If you are working with a probabilistic model[1] you might be able to marginalize out the missing features, either in closed form or by sampling. David Knowles has an interesting series of blog posts on the subject, specifically applied to infinite factor analysis models (aka Indian Buffet Process).

[1] A nice reference is Probabilistic Graphical Models by Daphne Koller and Nir Friedman.

I tend to use linear classifiers trained via online learning algorithms (perceptron, passive aggressive, SGD). These algorithms are surprisingly robust to noise (approximations, missing variables, etc) if that noise is present during training. One thing I found works well is to randomly drop a subset of the features (or treat their values as 0) for each instance considered during training.
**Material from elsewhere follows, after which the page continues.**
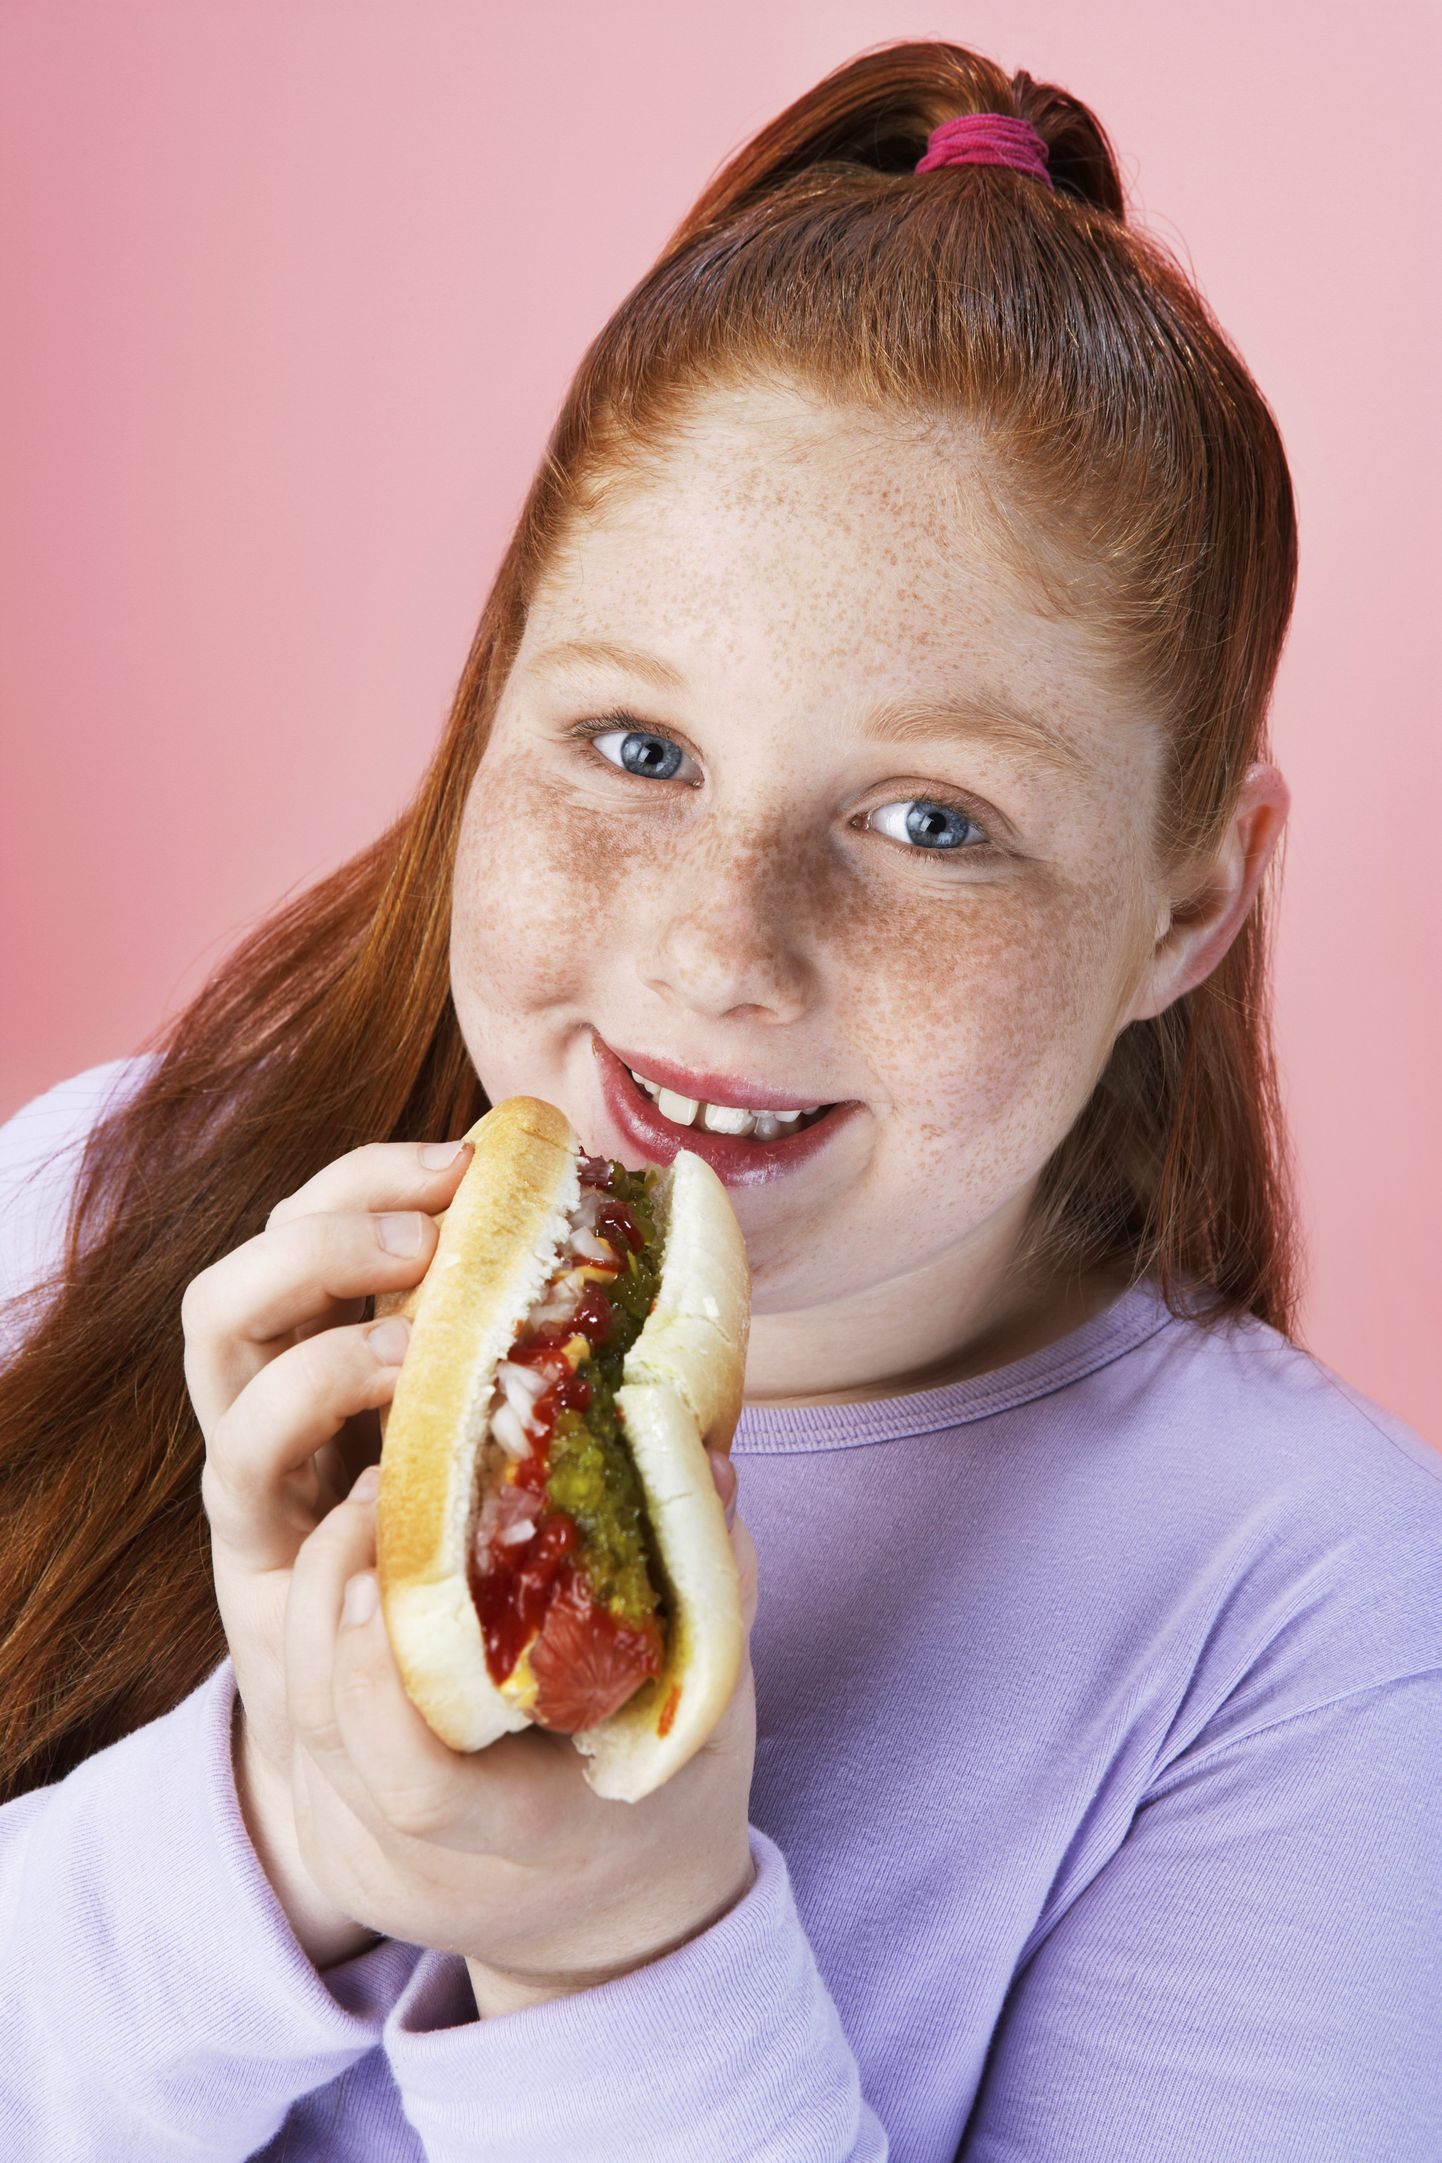 Latearstide sõnul on paljude laste ülekaalulisuse põhjuseks valed toitumis- ja liikumisharjumused.

You can also view this as a type of regularization or related to feature bagging (ala http://homepages.inf.ed.ac.uk/csutton/publications/bags-hlt2006.pdf). This trick certainly helps with missing values, and because of the regularization sometimes even results in improved performance.

If you really think the pattern of missing and non missing features is in itself important you can model it directly. Some people in the netflix prize found it useful to use a predictor that factorized a binary version of the user ratings matrix, where an entry was 1 if the user rated that movie and 0 otherwise. I recall reading somewhere that this complemented nicely the results one got from factorizing the actual user ratings matrix, where each cell has the rating that user gave that movie. I didn't find the original reference I read at the time, but this paper seems to describe this.